Then come the hidden multipliers. These are the gremlins of your infrastructure. Tiny, seemingly insignificant charges for cross-AZ traffic, managed service premiums, and per-request pricing that quietly multiply in the dark, feasting on your budget.

Finally, there’s the convenience tax. You paid a premium to turn the pain of operations into someone else’s problem. But for workloads that are steady, predictable, and bandwidth-heavy, that convenience starts to look suspiciously like setting money on fire. Those workloads are starting to look much cheaper on hardware you own or lease, where capital expenditure and depreciation replace the tyranny of per-hour-everything.

The gilded cage of convenience

Cloud providers don’t lock you in with malice. They seduce you with helpfulness. They offer a proprietary database so powerful, an event bus so seamless, an identity layer so integrated that before you know it, your application is woven into the very fabric of their ecosystem.

Leaving isn’t a migration; it’s a full-scale renovation project. It’s like living in a luxury hotel. They don’t forbid you from leaving, but once you’re used to the 24/7 room service, are you really going to go back to cooking for yourself?

Faced with this gilded cage, smart teams are now insisting on a kind of technological prenuptial agreement. It’s not about a lack of trust; it’s about preserving future freedom. Where practical, they prefer:

Open databases or engines with compatible wire protocols.
Kubernetes with portable controllers over platform-specific orchestration.
OpenTelemetry for metrics and traces that can travel.
Terraform or Crossplane to describe infrastructure in a way that isn’t tied to one vendor.

This isn’t purity theater. It simply reduces the penalty for changing your mind later.

# A portable infrastructure module
# It can be pointed at AWS, GCP, or even an on-prem vSphere cluster
# with the right provider.

resource "kubernetes_namespace" "app_namespace" {
  metadata {
    name = "my-awesome-app"
  }
}

resource "helm_release" "app_database" {
  name       = "app-postgres"
  repository = "https://charts.bitnami.com/bitnami"
  chart      = "postgresql"
  namespace  = kubernetes_namespace.app_namespace.metadata[0].name

  values = [
    "${file("values/postgres-prod.yaml")}"
  ]
}

A new menu of choices

The choice is no longer just between a hyperscaler and a dusty server cupboard under the stairs. The menu has expanded:

Private cloud: Using platforms like OpenStack or Kubernetes on bare metal in a modern colocation facility.
Alternative clouds: A growing number of providers are offering simpler pricing and less lock-in.
Hybrid models: Keeping sensitive data close to home while bursting to public regions for peak demand.
Edge locations: For workloads that need to be physically close to users and hate round-trip latency.

The point isn’t to flee the public cloud. The point is workload fitness.
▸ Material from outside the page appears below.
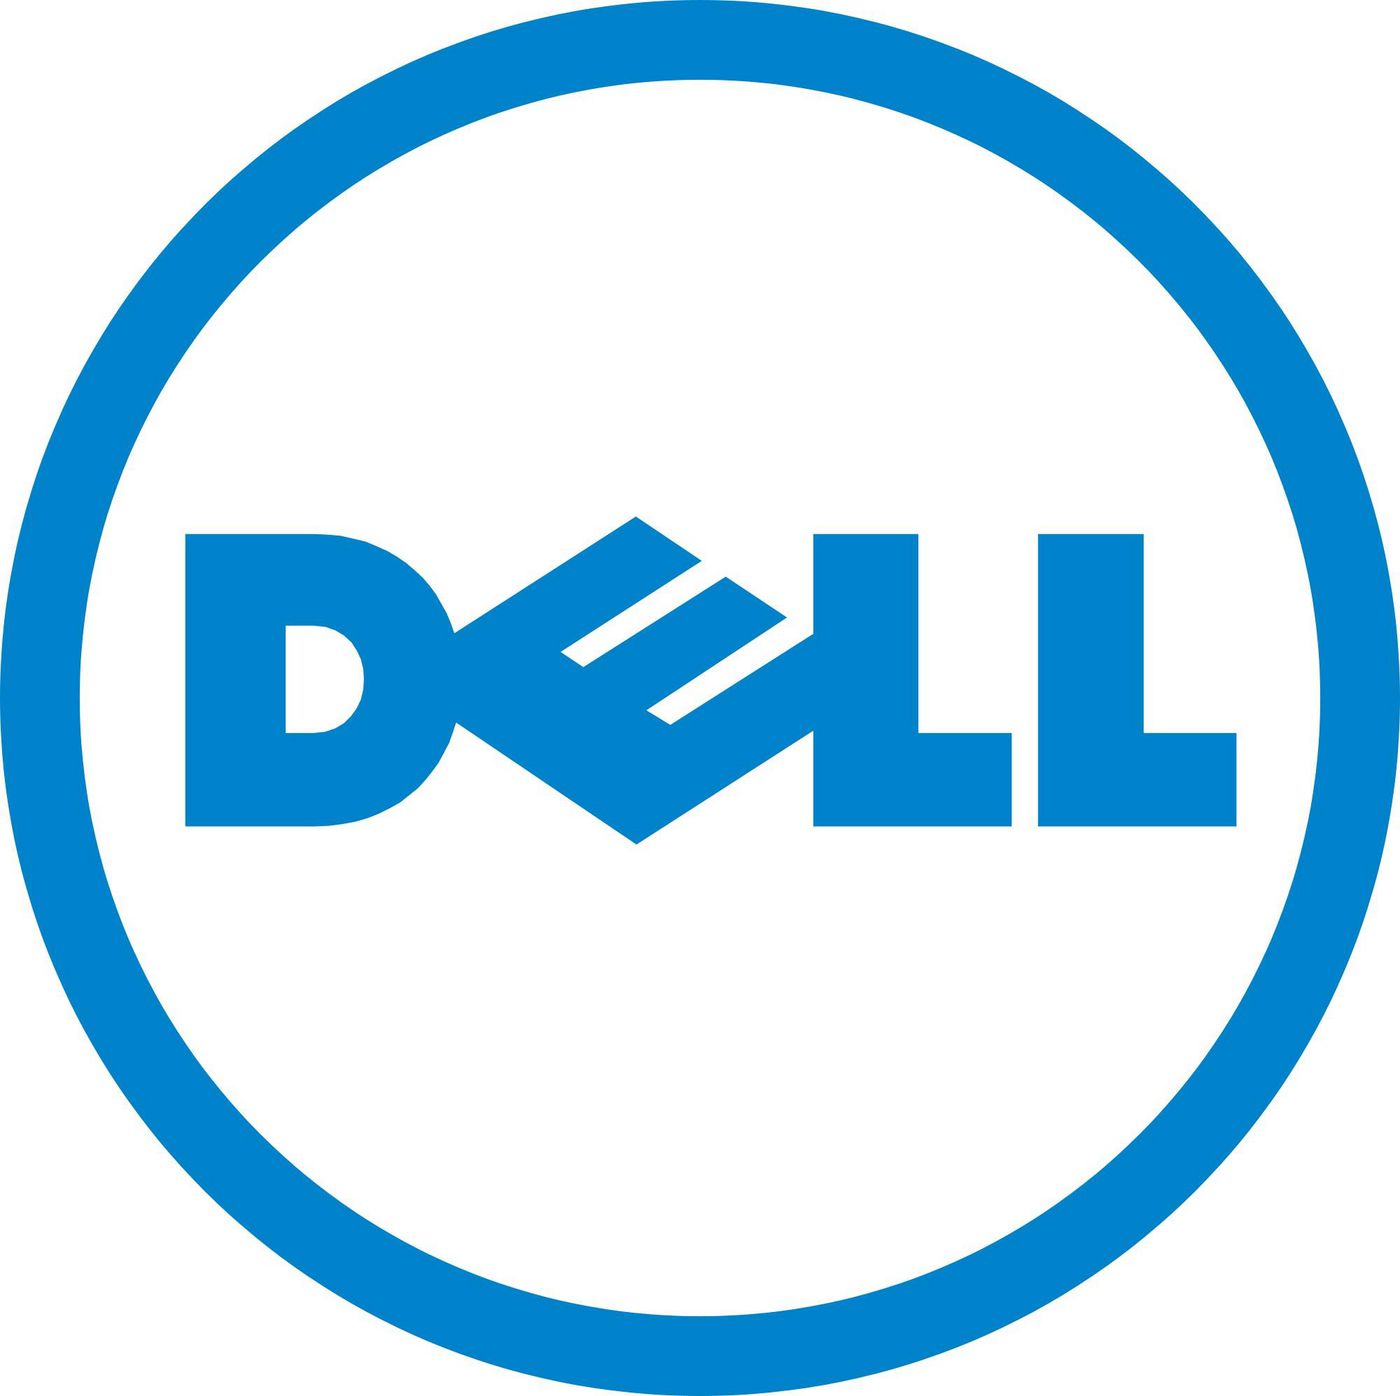 DELL 5 Year Gold Hardware Maintenance by Avocent for the Dell DAV2108

You wouldn’t wear hiking boots to a wedding, so why run a predictable, data-heavy analytics pipeline on a platform optimized for spiky, uncertain web traffic?

A personality test for your workload

So, how do you decide what stays and what goes? You don’t need a crystal ball. You just need to give each workload a quick personality test. Ask these six questions:

Is its demand mostly steady or mostly spiky? Is it a predictable workhorse or a temperamental rock star?
Is its data large and chatty or small and quiet?
Is latency critical? Does it need instant responses or is a few dozen milliseconds acceptable?
Are there strict data residency or compliance rules?
Does it rely on a proprietary managed service that would be a nightmare to replace?
Can we measure its unit economics? Do we know the cost per request, per user, or per gigabyte processed?

Steady and heavy often wins on owned or leased hardware. Spiky and uncertain still loves the elasticity of the hyperscalers. Regulated and locality-bound prefer the control of a private or hybrid setup. And if a workload gets its superpowers from a proprietary managed service, you either keep it where its powers live or make peace with a less super version of your app.

What does this mean for you, Architect

If you’re a DevOps engineer or a Cloud Architect, congratulations. Your job description just grew a new wing. You are no longer just a builder of digital infrastructure; you are now part financial planner, part supply chain expert, and part treaty negotiator.

Your playbook now includes:

FinOps literacy: The ability to connect design choices to money in a way the business understands and trusts.
Portability patterns: Designing services that can move without a complete rewrite.
Hybrid networking: Weaving together different environments without creating a haunted house of routing tables and DNS entries.
Observability without borders: Using vendor-neutral signals to see what’s happening from end to end.
Procurement fluency: The skill to make apples-to-apples comparisons between amortized hardware, managed services, and colocation contracts.

Yes, it’s time to carry a pocket calculator again, at least metaphorically.

The unsexy path to freedom

The journey back from the cloud is paved with unglamorous but essential work. It’s not a heroic epic; it’s a series of small, carefully planned steps. The risks are real. You have to account for the people cost of patching and maintaining private platforms, the lead times for hardware, and the shadow dependencies on convenient features you forgot you were using.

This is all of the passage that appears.